Par l’entremise du travail autobiographique, le chercheur révèle à lui-même comme aux autres son système subjectif de construction de sens. Il ne peut en aucun cas

prétendre contenir dans son énonciation toute la réalité ni les points de vue des autres acteurs présents dans l’histoire racontée.

Ainsi, la posture en recherche biographique veut démontrer de quelle façon l’expérience singulière du sujet dans un temps et un contexte donnés influencera sa façon d’être au monde, de se percevoir et de construire son identité et sa vision du monde. C’est ce que Delory-Momberger (2010, p.2) exprime lorsqu’elle parle de l’appréhension des processus de la « genèse socio-individuelle », qui se veut un pont entre la psychologie et la sociologie, soit « l’étude des modes de constitution de l’individu en tant qu’être social singulier ».

Une recherche en première personne assume pleinement la subjectivité du chercheur et elle utilise une méthodologie définie de production et d’interprétation qualitative de données. Ce faisant, elle permet d’élargir la vision du spectre de nos humanités en saisissant pleinement – de l’intérieur, de quoi sont constituées les relations de soi à soi, de soi à l’autre et de soi au monde (Galvani, 2008, Pineau, 1991, Desroche, 1990, Pilon, 2005, Rondeau et Paillé, 2016). Pour Rugira (1999) entrer dans un processus autobiographique demande de consentir à devenir fils ou fille de son œuvre.

3.5.1 L’auto-ethnographie

J’ai choisi l’auto-ethnographie comme voie privilégiée de tissage des différentes données qui ont émergé de ma recherche.
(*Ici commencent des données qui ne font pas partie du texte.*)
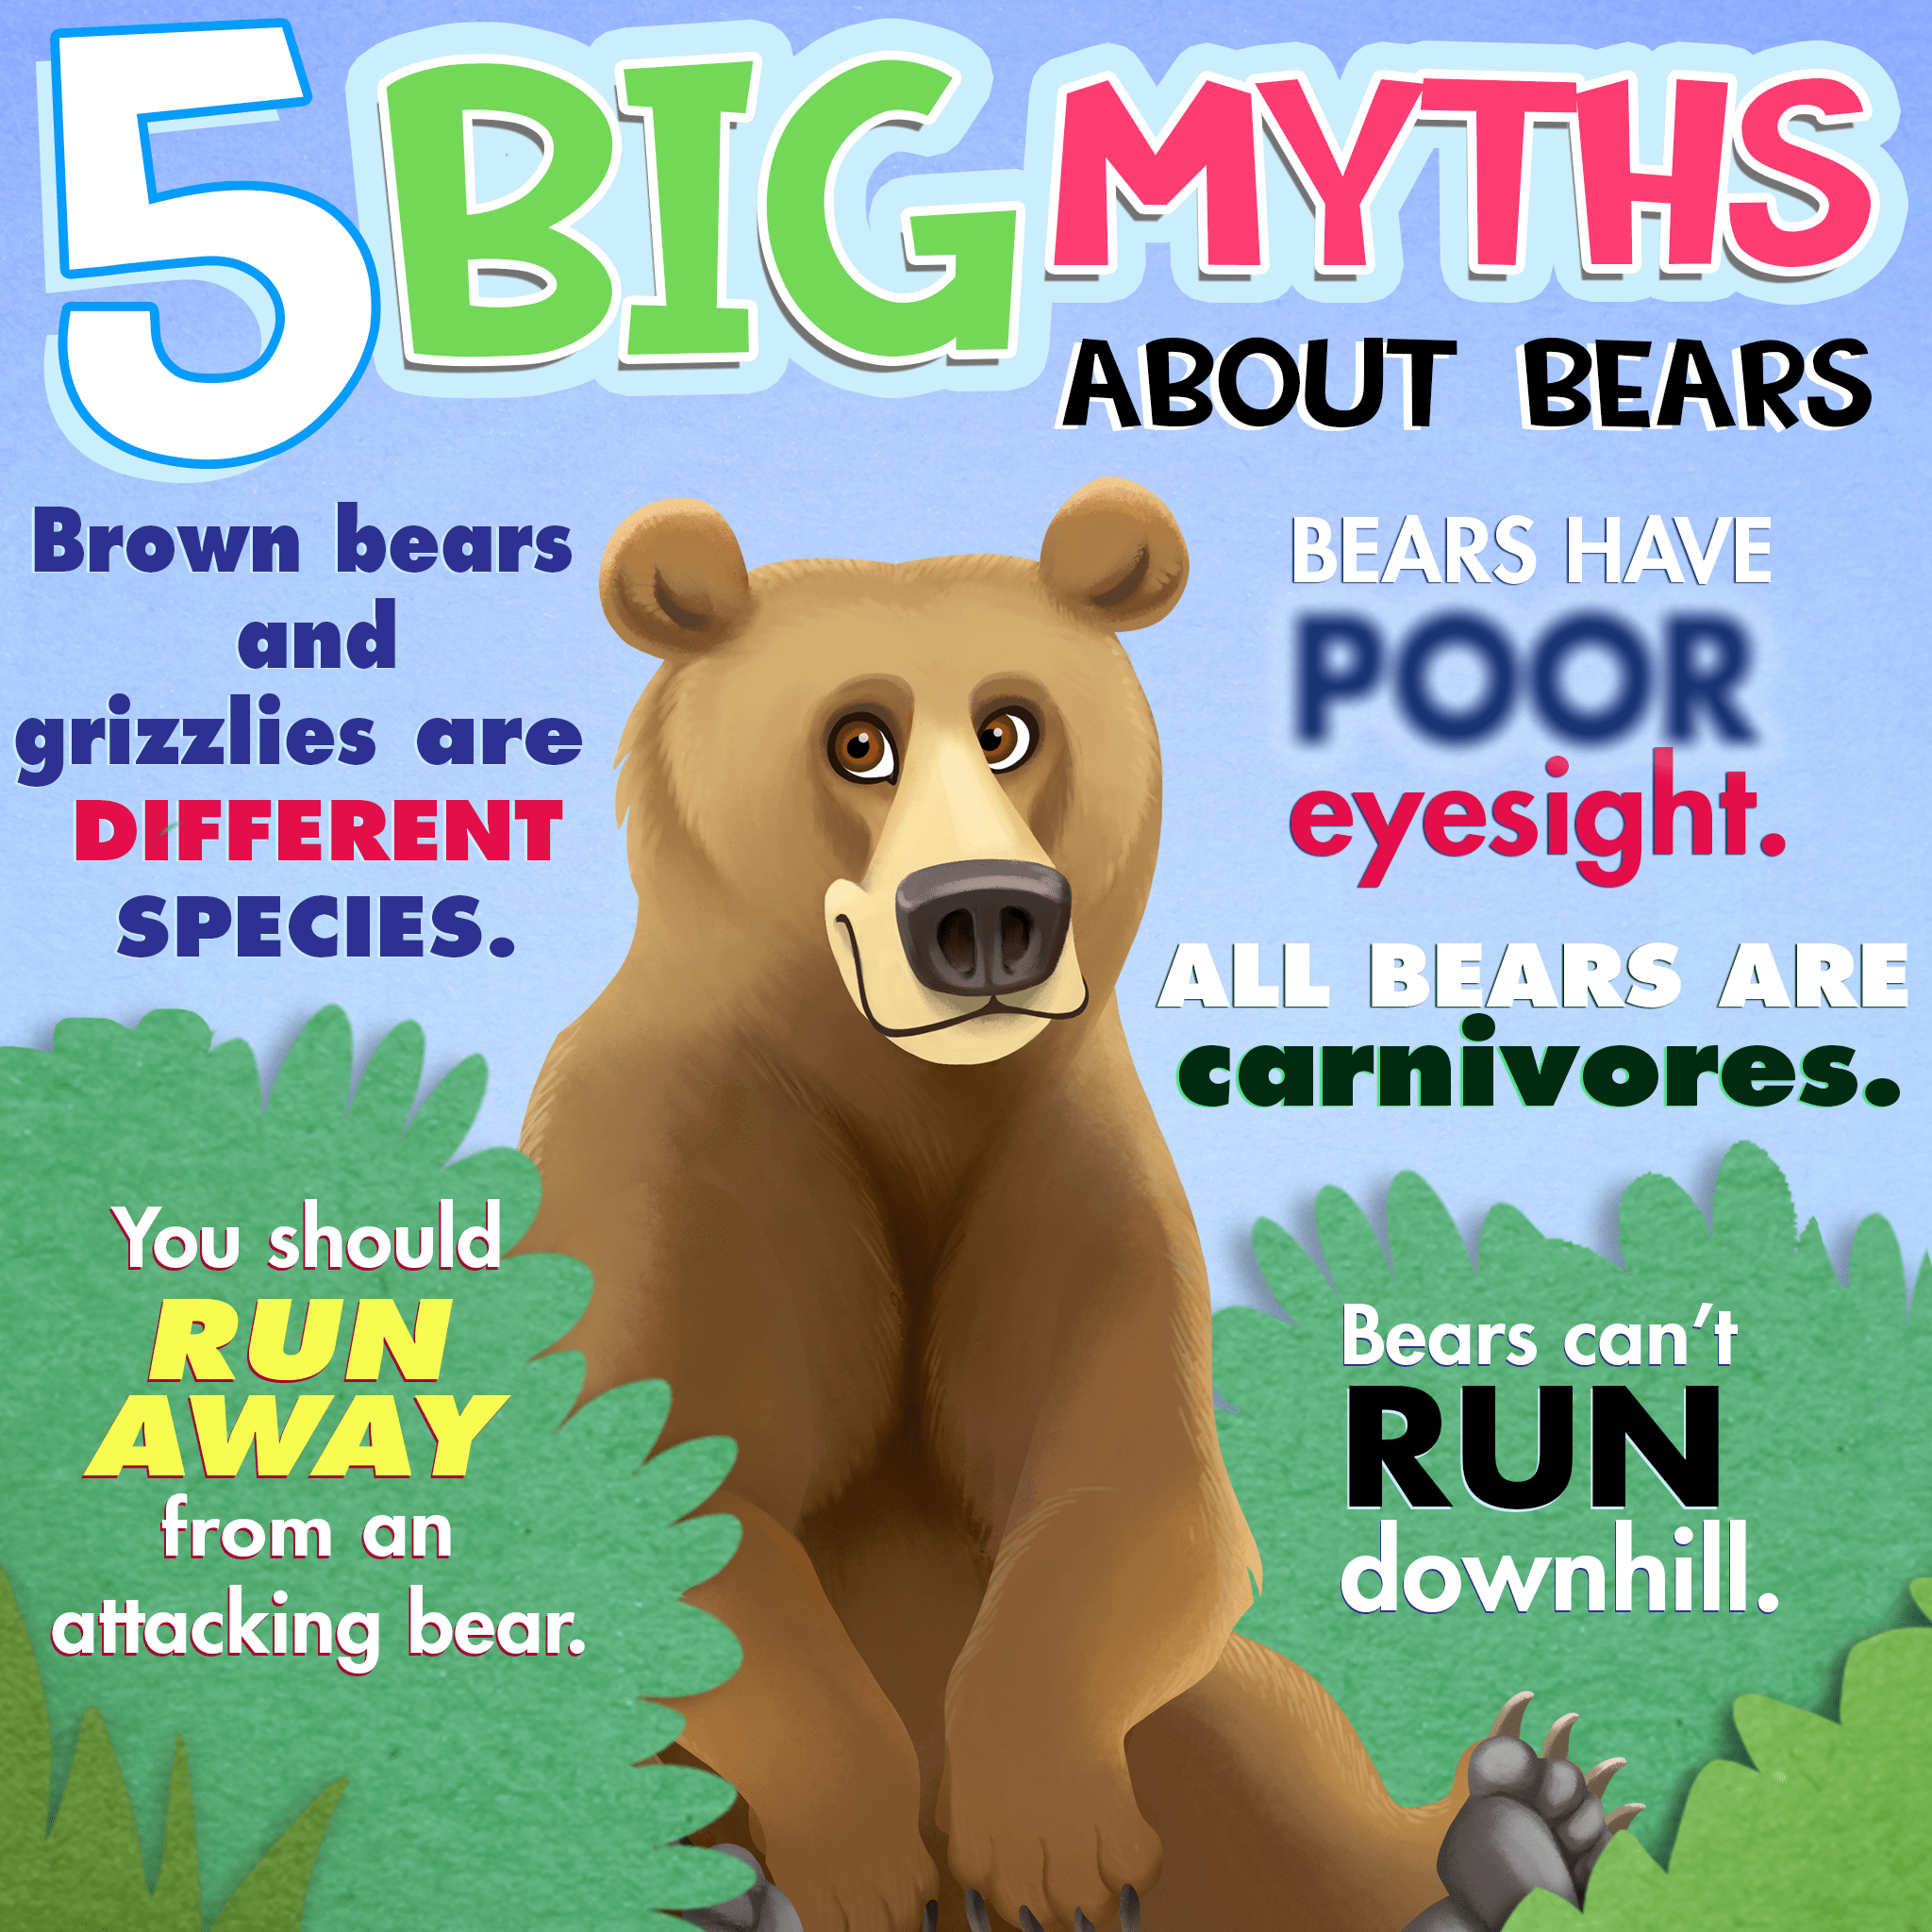 Why Bears?

Pour Dubé, l’auto-ethnographie « peut être définie comme une narration de soi qui tient compte de la relation avec les autres dans des contextes culturels et sociaux » (Dubé, 2016, p. 66). Cette méthode d’inspiration biographique me permet de me situer ontologiquement dans le monde dans lequel je suis venue au monde et dans les différents courants culturels et contre-culturels qui m’ont façonnée. Ellis (2004) parle de l’auto-ethnographie comme d’une méthode d’écriture et de recherche qui relie l’autobiographie et le personnel, au culturel et au social. Selon cette auteure, cette méthode permet d’inclure d’une façon concrète l’action, la conscience de soi, l’expérience

émotionnelle et l’introspection au cœur des processus de recherche, comme dans le cas de l’autobiographie.
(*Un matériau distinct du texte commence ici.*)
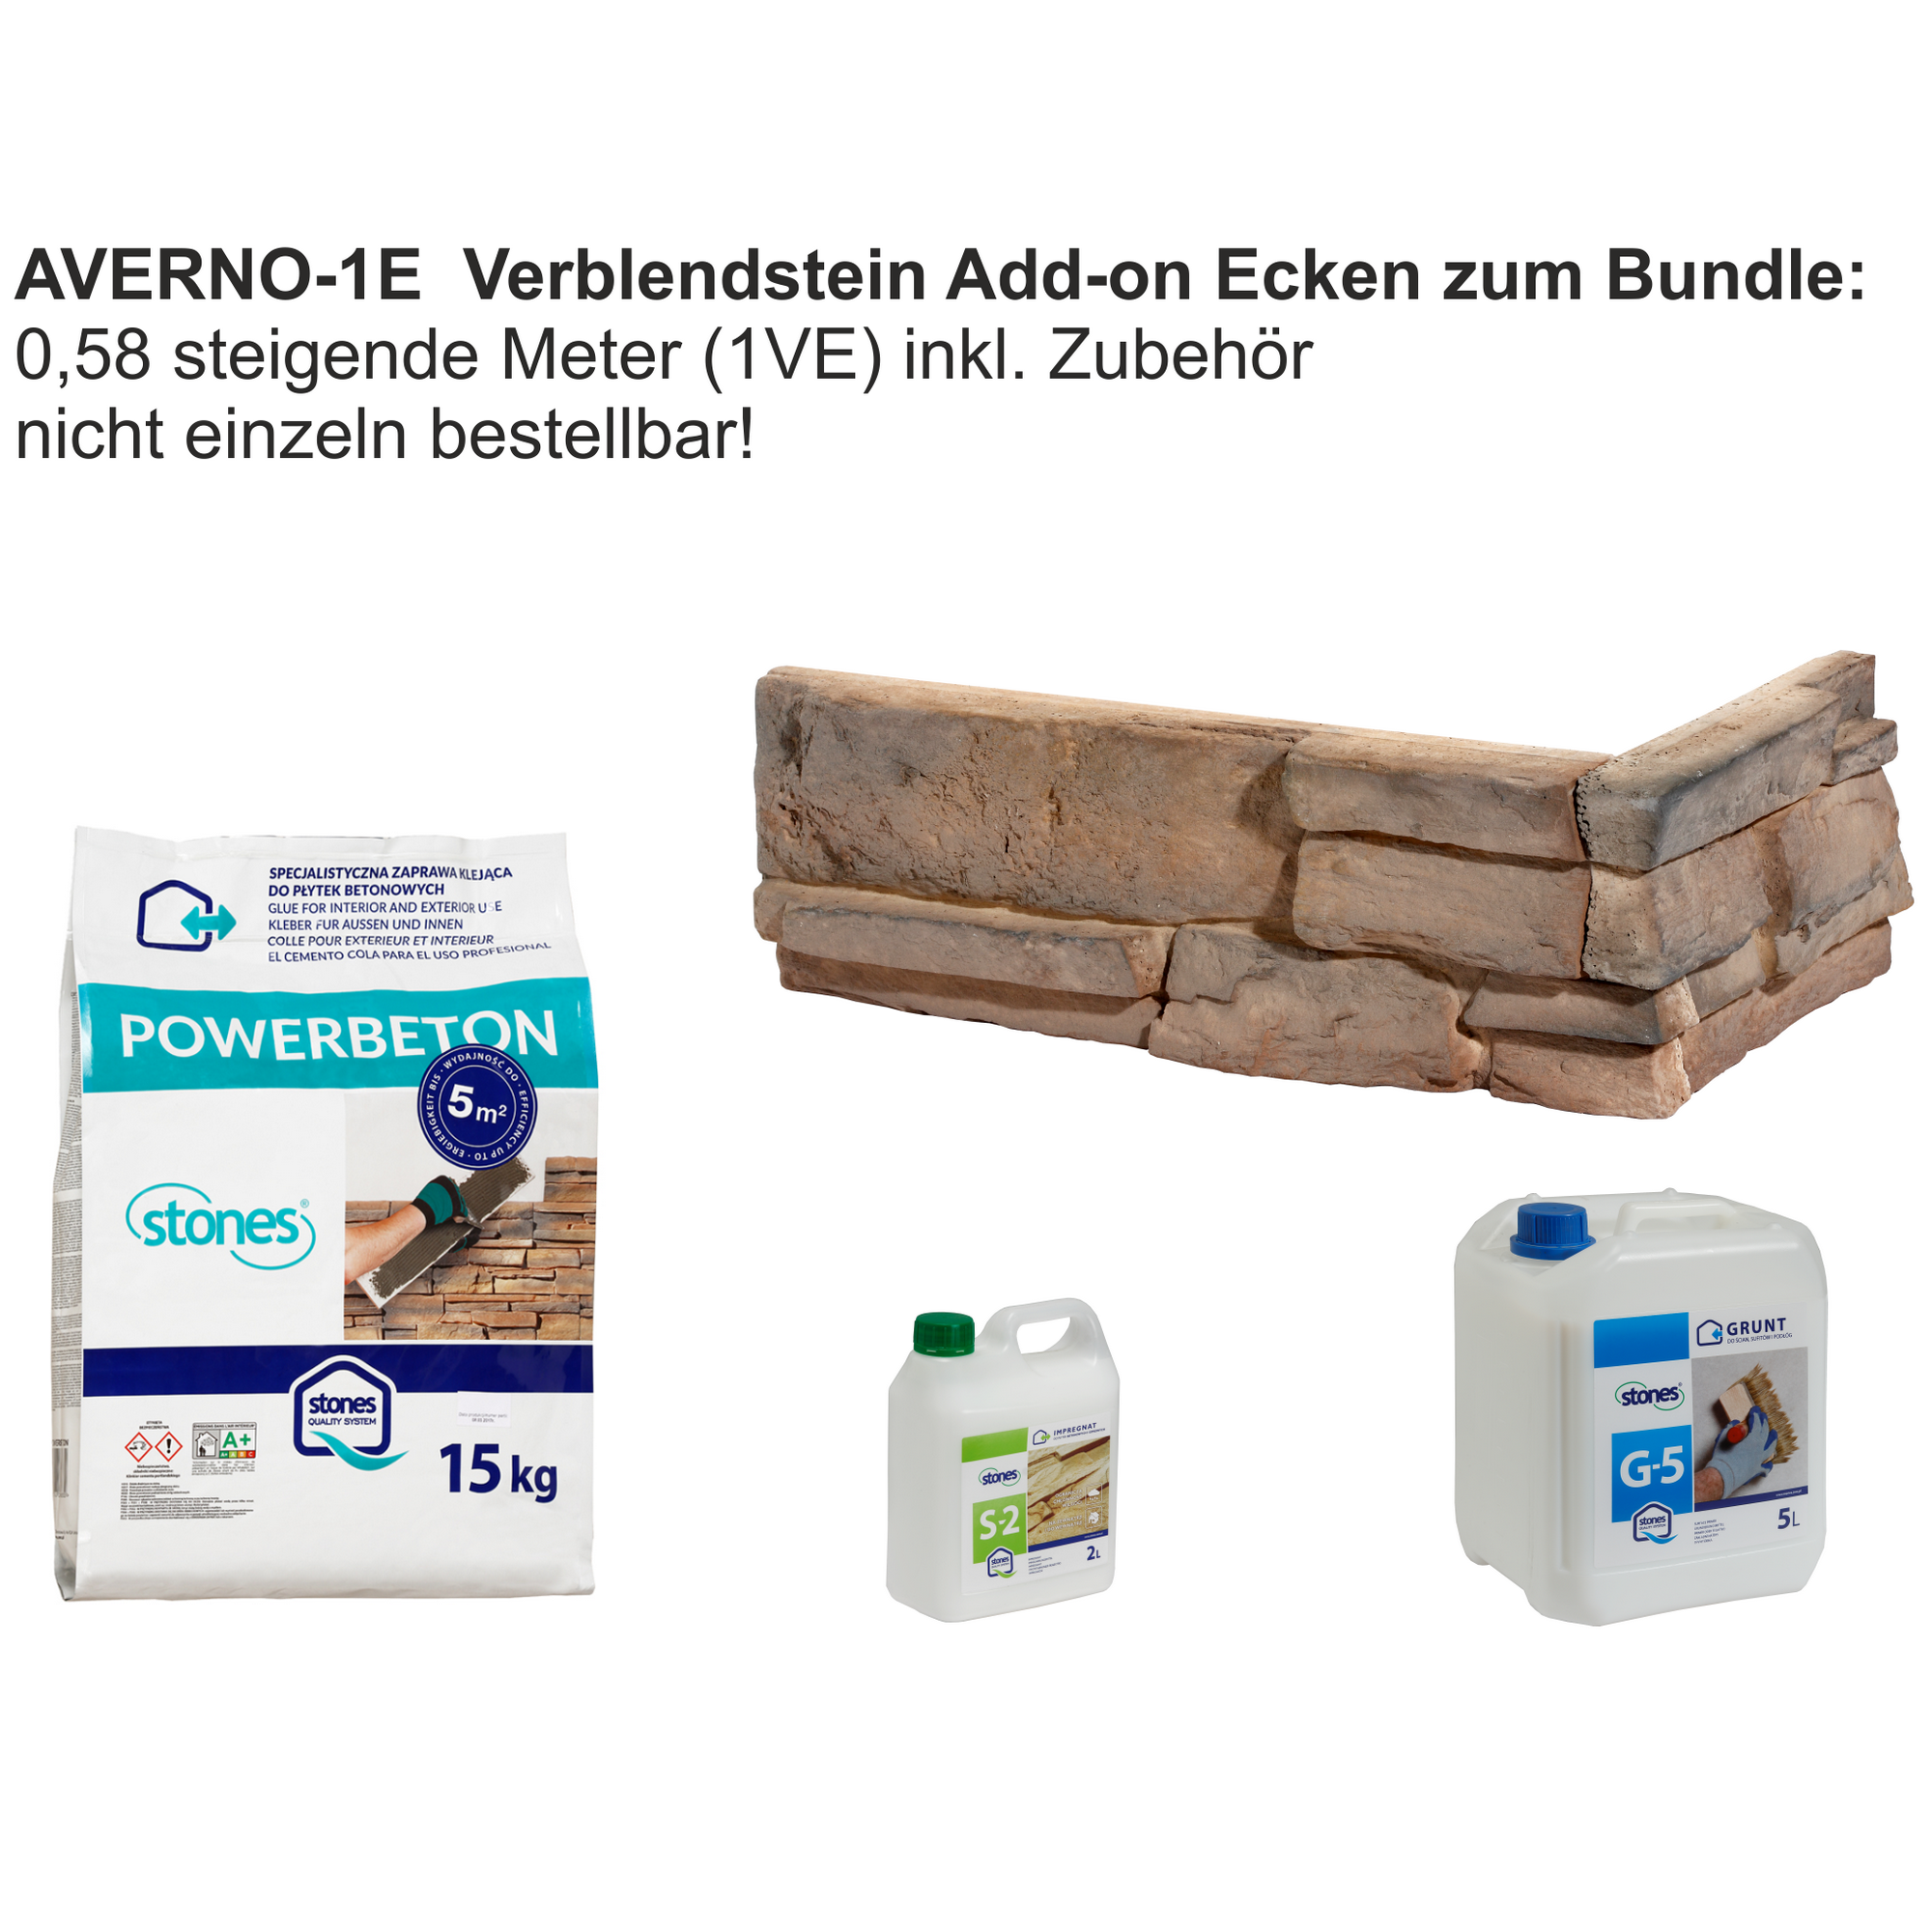 Verblender-Ecken 'Averno-1E' zum Bundle + product picture

En ce qui me concerne, l’auto-ethnographie m’amènera à mettre en relation la vie de mes ancêtres européens, acadiens et mi’gmaq et le contexte socio-historique de ma venue au monde et de mon enfance. Puis, il me permettra de développer un autre regard sur ma vie dans la contre-culture moderne à partie de l’adolescence, ma quête de sens, ma professionnalisation ainsi que mes pratiques actuelles. Ceci pour tenter de comprendre mon chemin de vie à partir des courants culturels de l’histoire du Québec et du monde, dans l’intention d’intégrer les différents courants qui m’ont façonnée et de prendre une distance face à ma vie afin de pouvoir transformer encore plus profondément mon récit intérieur en lien avec cette dernière.
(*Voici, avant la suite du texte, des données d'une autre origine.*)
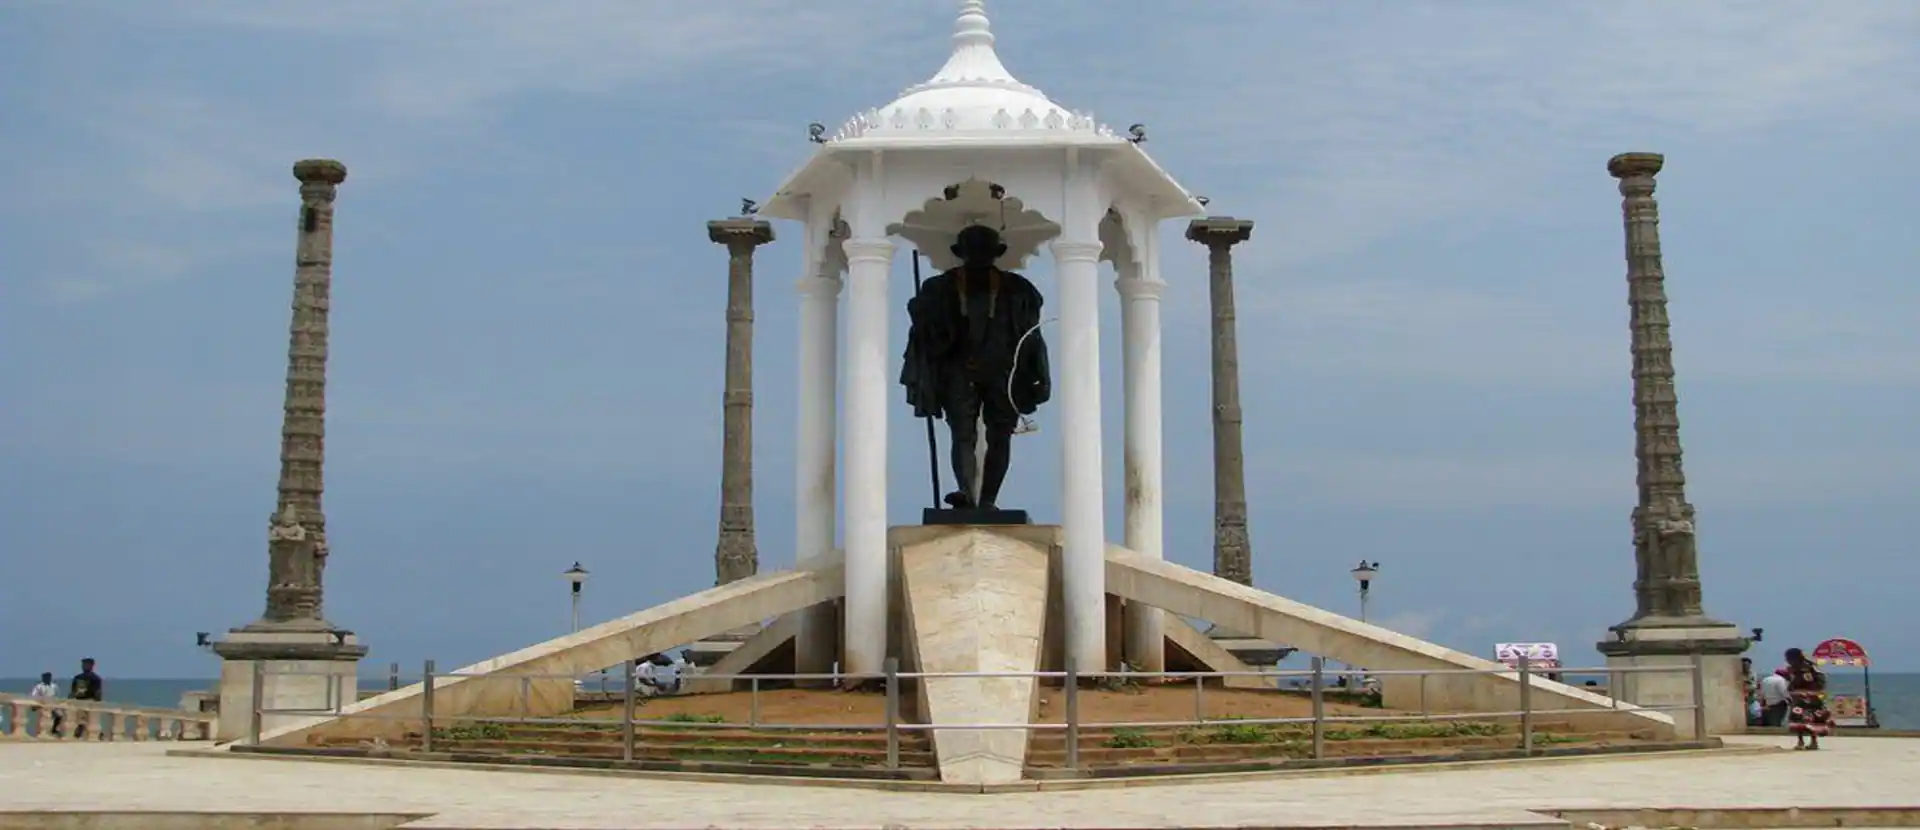 Pondicherry beach ride

Pour Denzin (2006), l’auto-ethnographie nous permet d’étudier le monde social et de rendre compte d’une partie de l’histoire, à partir d’un point de vue singulier. D’après Rondeau (2011, p.49) cette méthode peut devenir « une manière singulière de présenter, de façon significative et consciente, le phénomène culturel vécu, questionné et recherché ». De plus, à l’instar d’Ellis et Bochner (2000), Dubé (2016) postule qu’un processus de réflexivité sur son positionnement en tant que chercheur-e peut inspirer une réflexion critique du lecteur ou de la lectrice sur son expérience de vie, sur la construction de sa personne et sur ses interactions, dans des contextes sociohistoriquement situés. Ainsi, pour Dubé (2016) :

ce dialogue se produit par le biais d’une comparaison des différences et des similitudes entre l’expérience du lecteur, ses pensées et ses émotions avec celles de l’auteur. En fait, le lecteur d’écrits autoethnographiques doit être non seulement touché émotionnellement et de façon critique, mais également transformé. (2016, p.68.)